Series: Elm Creek Quilts #4
Published by Plume on January 1, 2002
Genres: Historical Fiction
Pages: 336
Format: Hardcover
Source: Library
Buy on Amazon, Buy on Bookshop
This post contains affiliate links you can use to purchase the book. If you buy the book using that link, I will receive a small commission from the sale.
Goodreads
After learning of her family’s ties to the slaveholding South, Sylvia Compson scours her attic for clues and discovers a window into the world of her the memoir of her great-grandfather’s spinster sister, Gerda Bergstrom. Gerda’s memoir chronicles the founding of Elm Creek Manor and the tumultuous years when Hans, Anneke, and Gerda Bergstrom sheltered fugitive slaves within its walls, using quilts as a signal of sanctuary. But little did the staunchly abolitionist Gerda know that a traitor was among them, placing the Bergstroms in grave danger and leading to family discord, betrayal, and a secret held for generations.

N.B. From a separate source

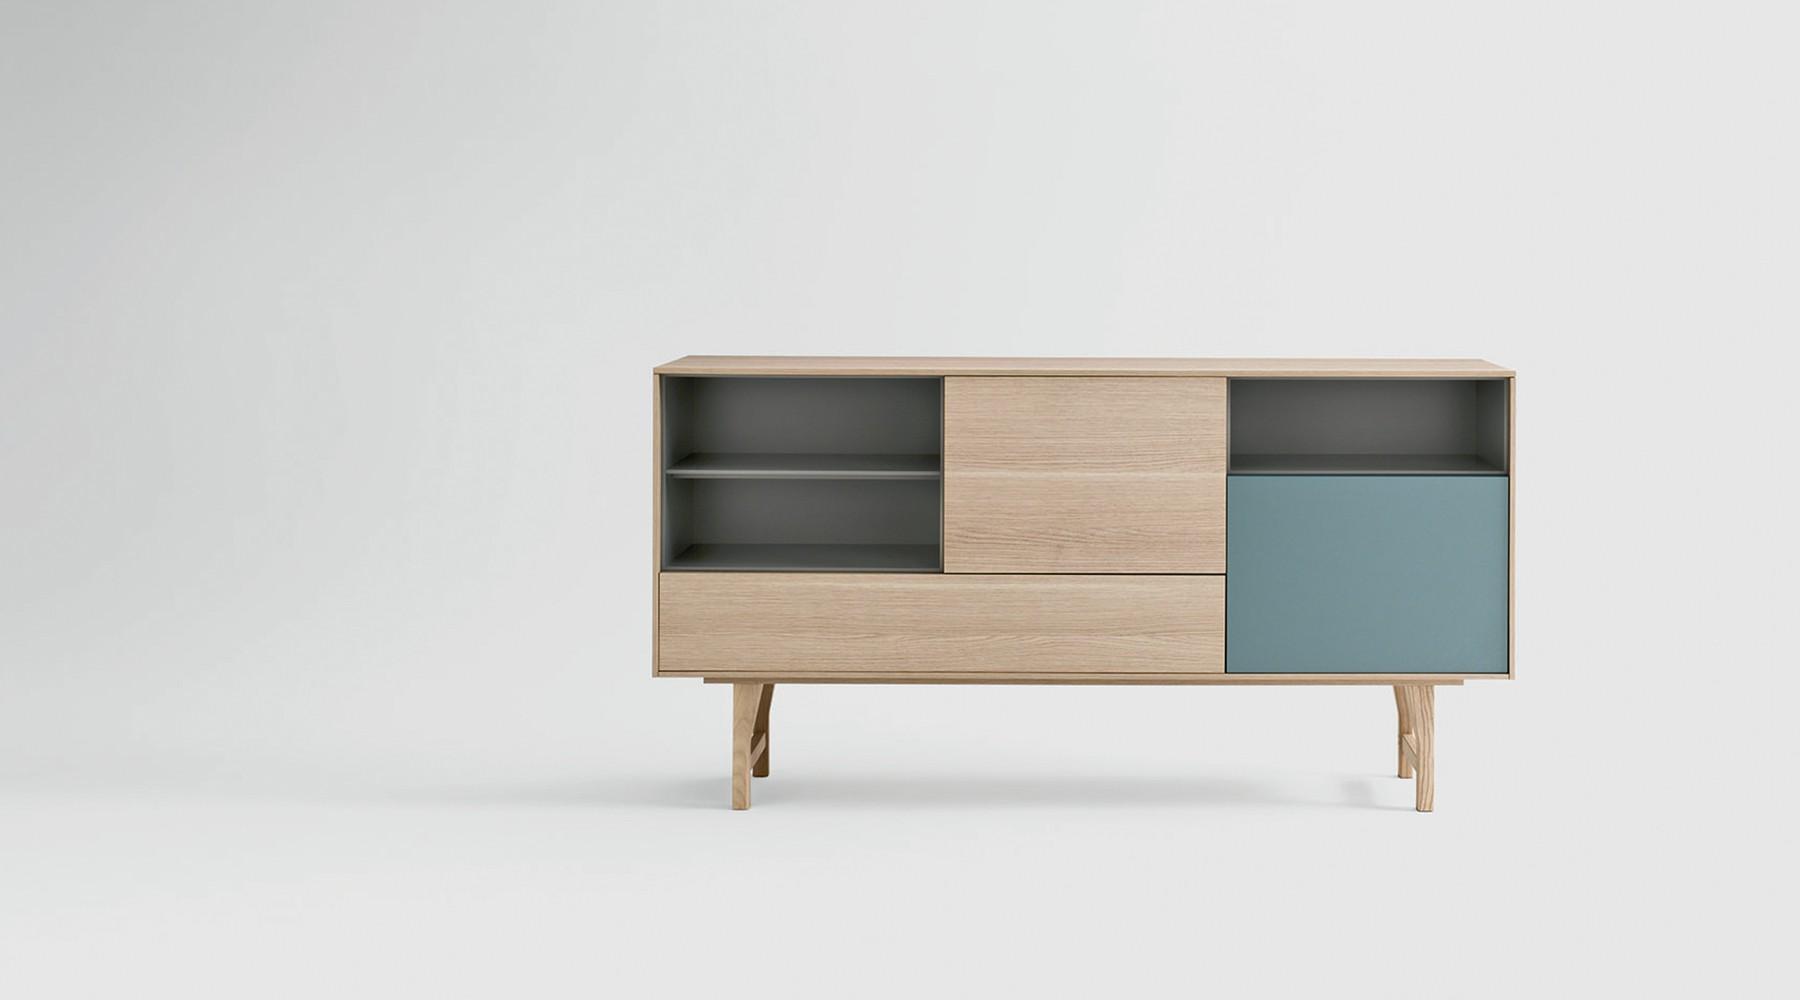 legno curvato e toni nordici in alcune novit novamobili supermobiliroma. Black Bedroom Furniture Sets. Home Design Ideas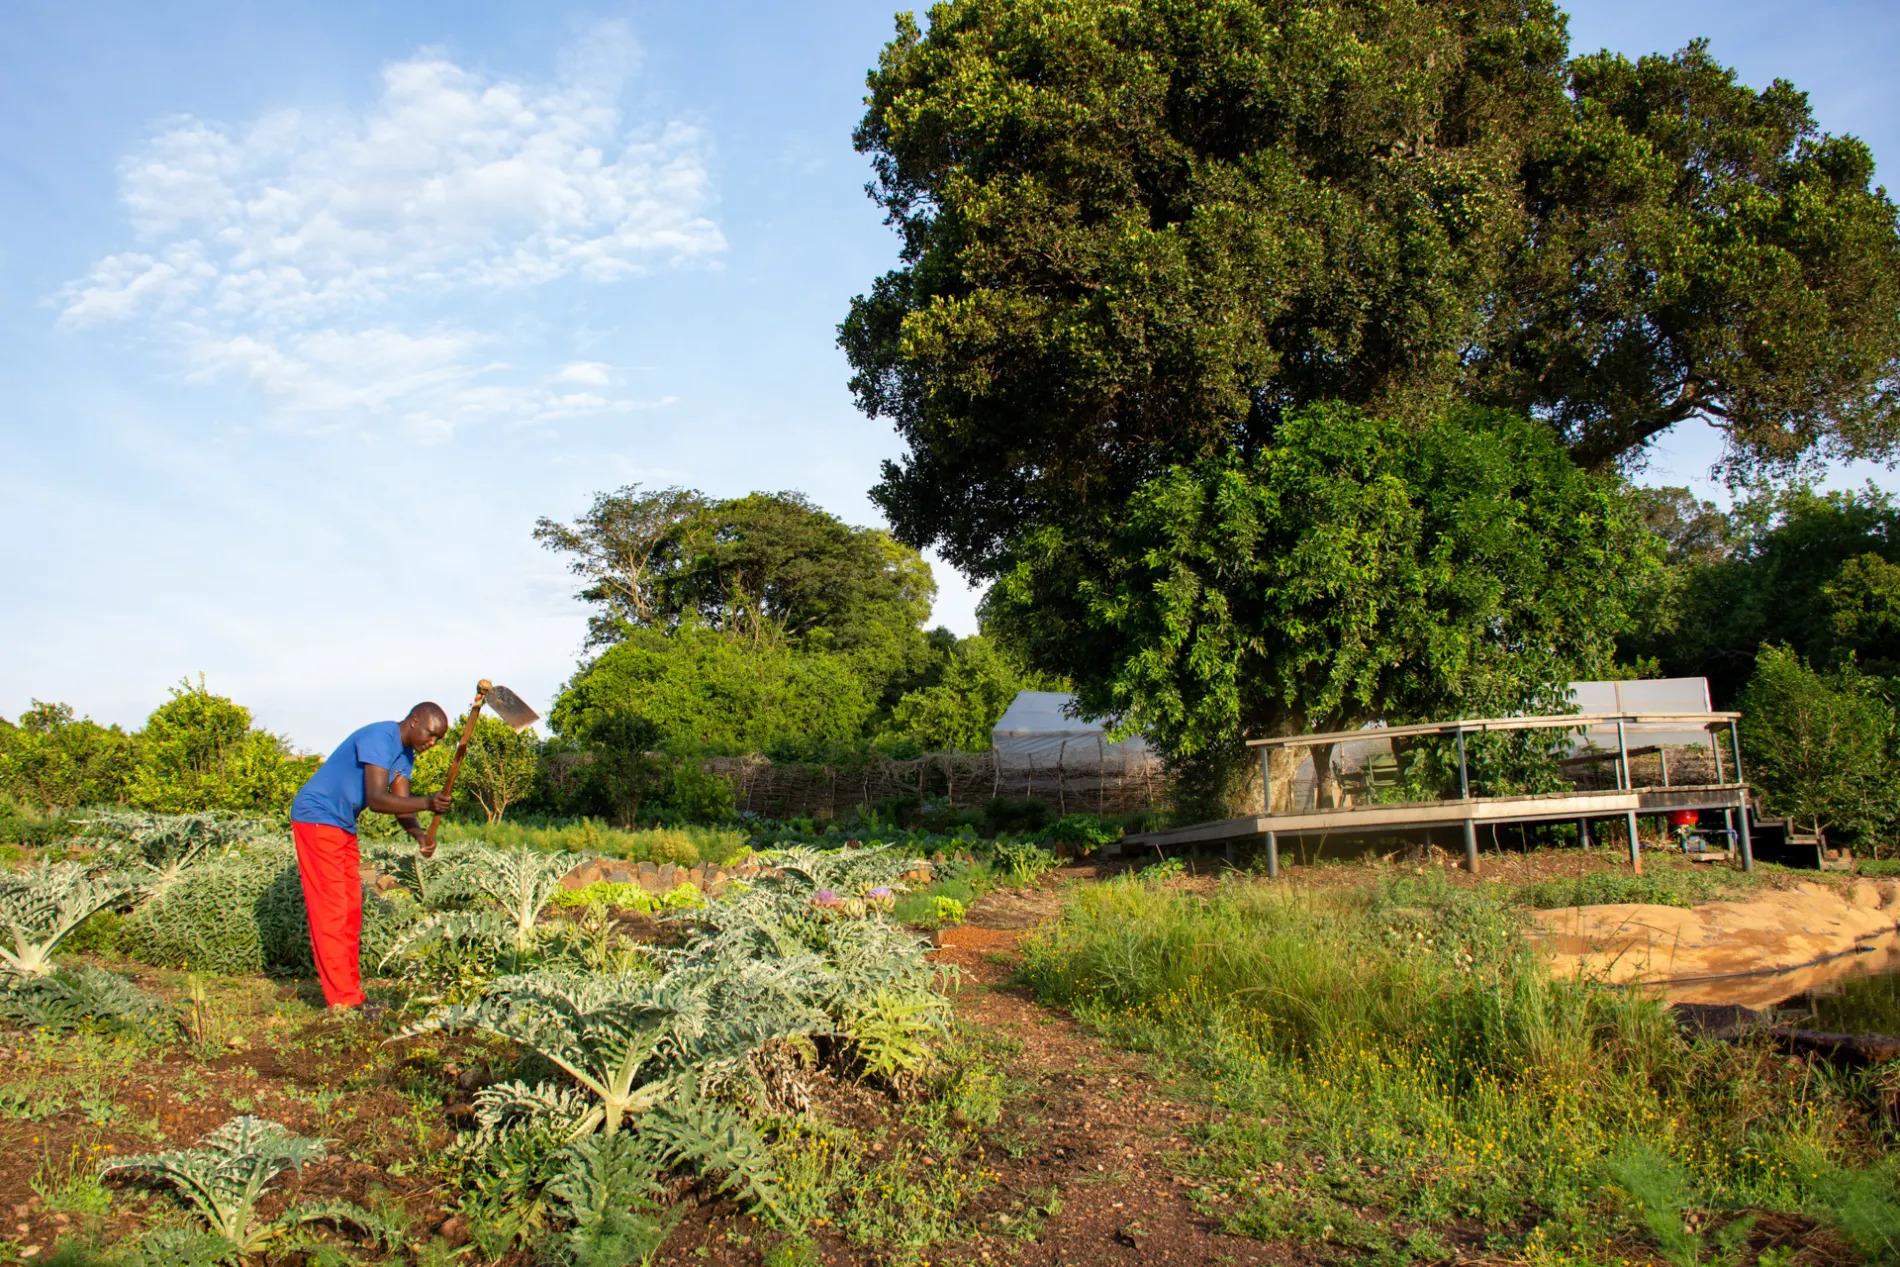 Naliki planting veg

With the help of the Elm Creek Quilters and clues hidden within antique quilts discovered in the manor’s attic, Sylvia stitches together the pieces of her past and decodes the true nature of the Bergstrom legacy.
There is debate about whether quilts were used as signals on the Underground Railroad. There is not a great deal of evidence to support the theory that quilts served as signals to those escaping slavery, but I think many people want it to be true because it makes a compelling story. One argument people who believe in this theory often use is that evidence doesn’t exist because the quilts were secret signals. I’m not sure that argument holds much water. Jennifer Chiaverini acknowledges this lack of evidence in her book and even has one of her characters, a quilt historian, make the skeptic’s argument. However, in this novel, she imagines that at least a couple of houses in Pennsylvania used quilts to signal that their homes were stations on the Underground Railroad.
Sylvia Bergstrom Compson, the main protagonist of the Elm Creek Quilts novels, uncovers a journal in her attic. Gerda, her great-grandfather’s sister, wrote the journal, and it details the role the Bergstrom family played as stationmasters on the Underground Railroad and their experiences with one particular woman who escaped enslavement. The book alternates between past and present as Sylvia reads Gerda’s journal. If Gerda’s journal is not very realistic for the time, I can forgive it because the story is captivating and touches on several interests of mine: reading, writing, quilting, and family history. This particular volume in the series is light on descriptions of Elm Creek Quilts’ quilt camp and the other quilters, focusing instead on Sylvia and her discovery. It’s not too hard to believe Sylvia would find a journal and quilts in her attic, given the age and prominence of her house.
I enjoyed this one a great deal. It’s rare for series to continue to be this good as they continue, but I’d say this is one of those rare series.